A palavra pacto costuma despertar imagens muito específicas. Alguns pensam em contratos, outros em alianças religiosas e há quem a associe a histórias envoltas em mistério. Em sua essência, porém, um pacto é simplesmente um compromisso assumido com consciência e responsabilidade.

E, talvez, seja justamente aí que esteja a sua maior força.

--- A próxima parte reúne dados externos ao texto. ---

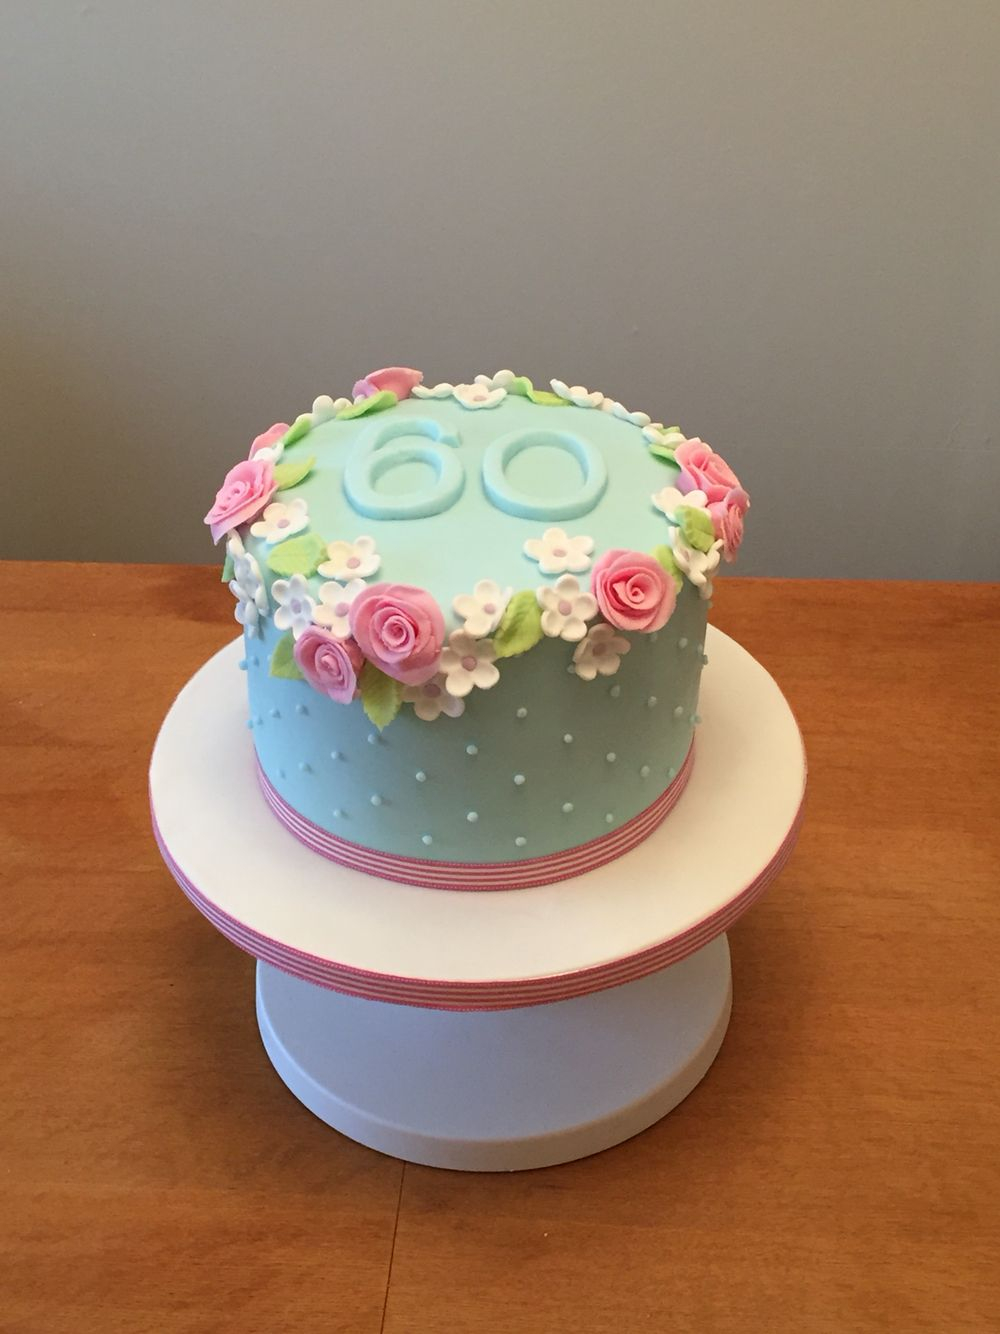 Simple Birthday Cakes 60th Birthday Cake Flowery And Simple Cakes Pinte

A vida humana é construída sobre pactos.

Desde cedo fazemos acordos com a sociedade, com a família, com o trabalho e com as pessoas que cruzam o nosso caminho. Assumimos responsabilidades, fazemos promessas e estabelecemos compromissos que orientam nossas escolhas. Entretanto, existe um pacto que antecede todos os demais e que, muitas vezes, passa despercebido: o compromisso que estabelecemos com a própria consciência.

Esse pacto não é firmado com uma assinatura, mas com decisões.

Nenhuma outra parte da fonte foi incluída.